- Supplied material:
* * * * * * * * *

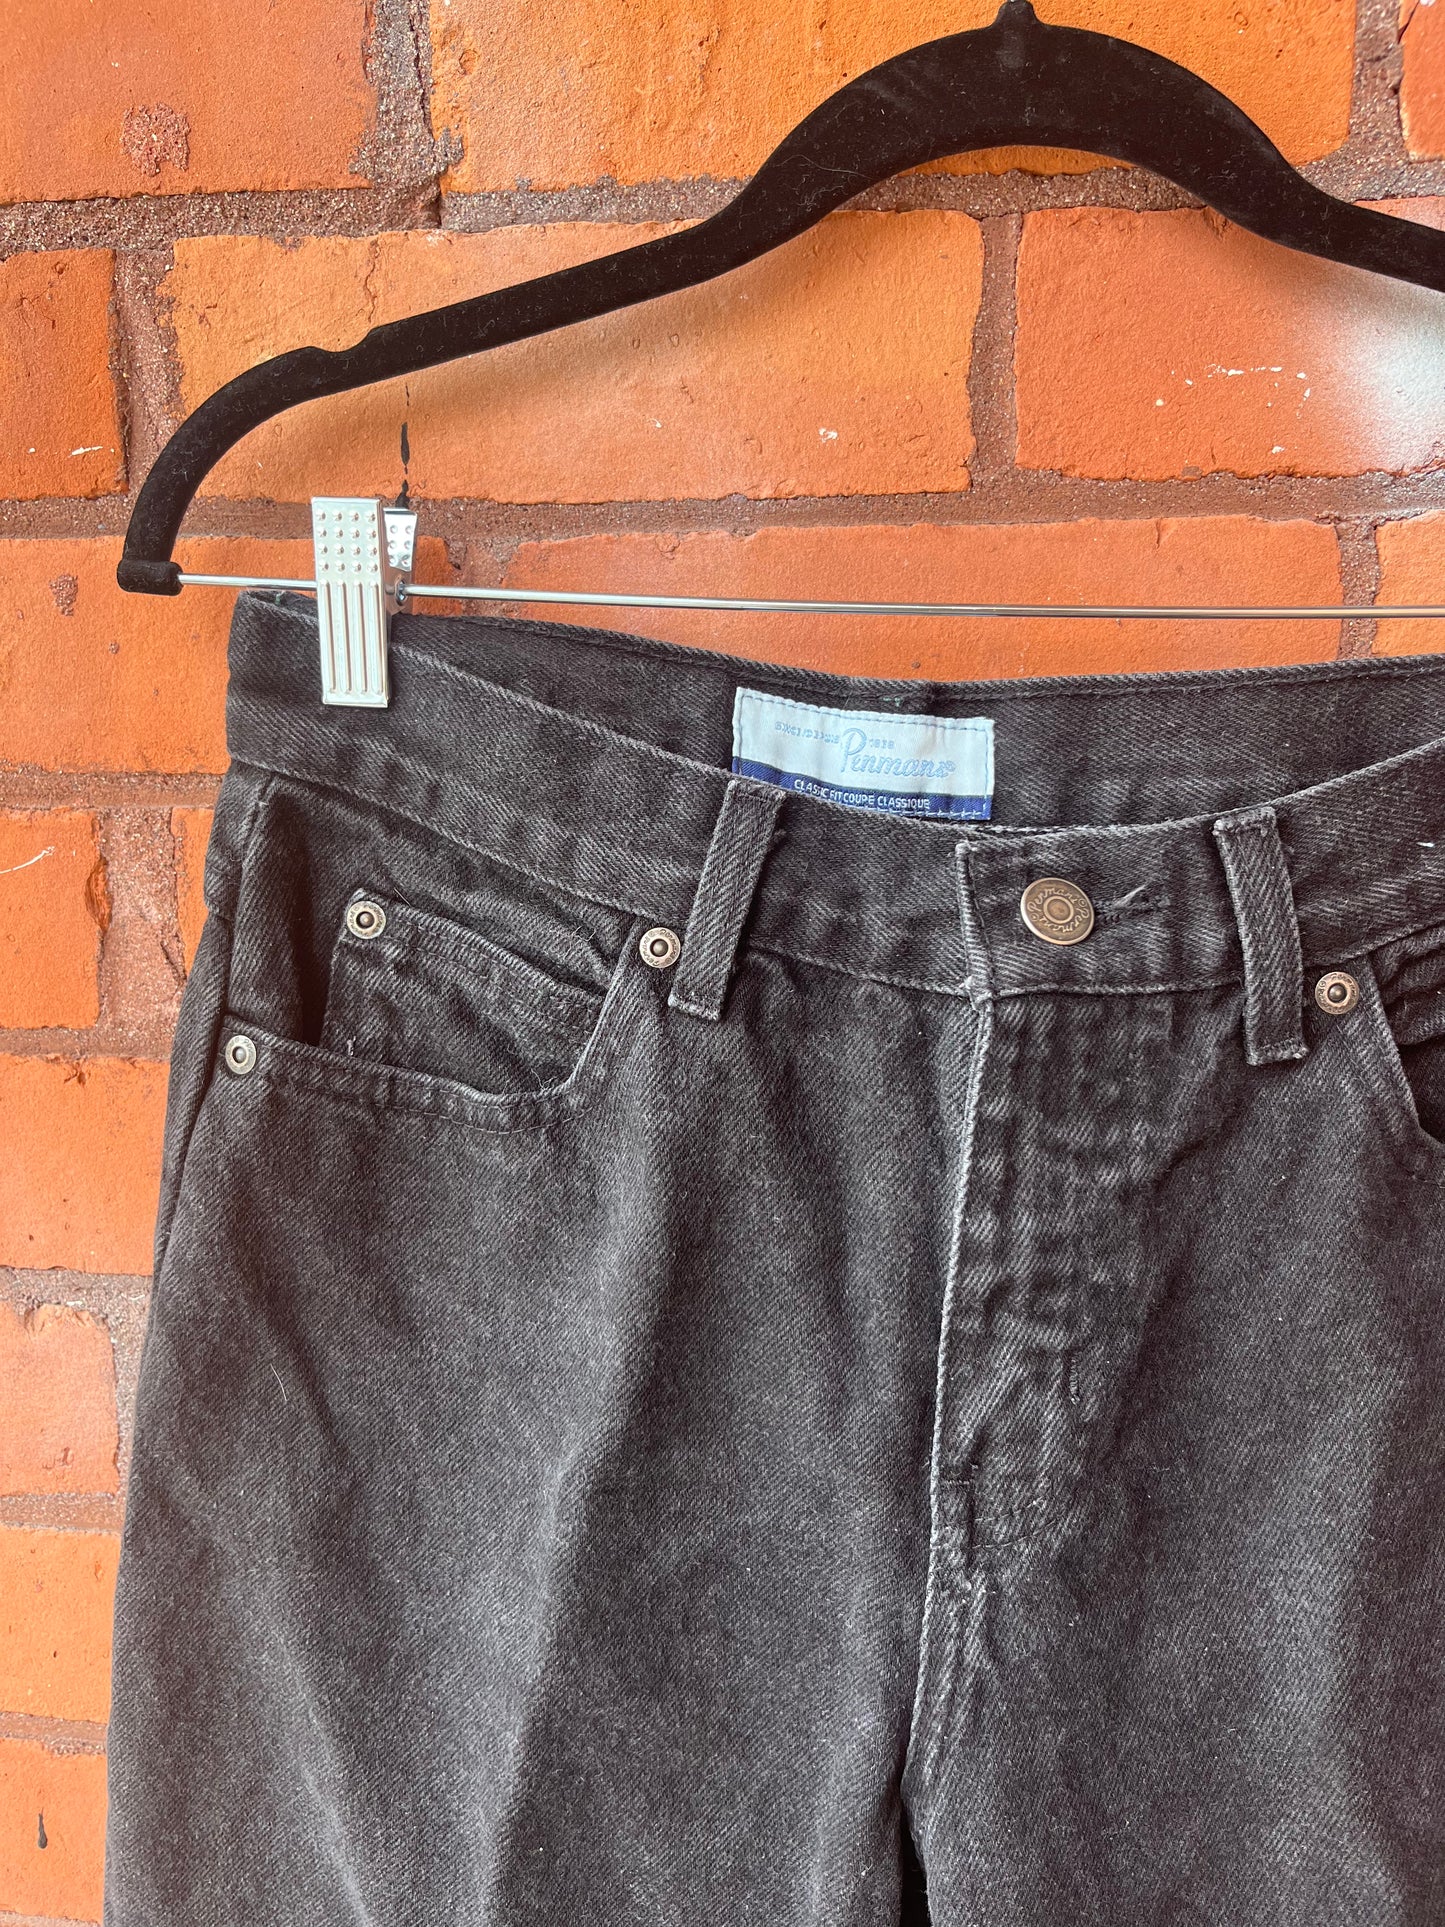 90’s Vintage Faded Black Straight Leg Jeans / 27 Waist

* * * * * * * * *

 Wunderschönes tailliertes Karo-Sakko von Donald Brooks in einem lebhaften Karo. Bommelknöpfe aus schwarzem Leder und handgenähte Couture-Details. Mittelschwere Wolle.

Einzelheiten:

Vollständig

* * * * * * * * *

- Problem statement: Exact duplication is required for the lines above, from the line that contains "Wunderschönes tailliertes Karo-Sakko" to the line that contains "Vollständig", inclusive; omit all others.

- Solved problem:
 Wunderschönes tailliertes Karo-Sakko von Donald Brooks in einem lebhaften Karo. Bommelknöpfe aus schwarzem Leder und handgenähte Couture-Details. Mittelschwere Wolle.

Einzelheiten:

Vollständig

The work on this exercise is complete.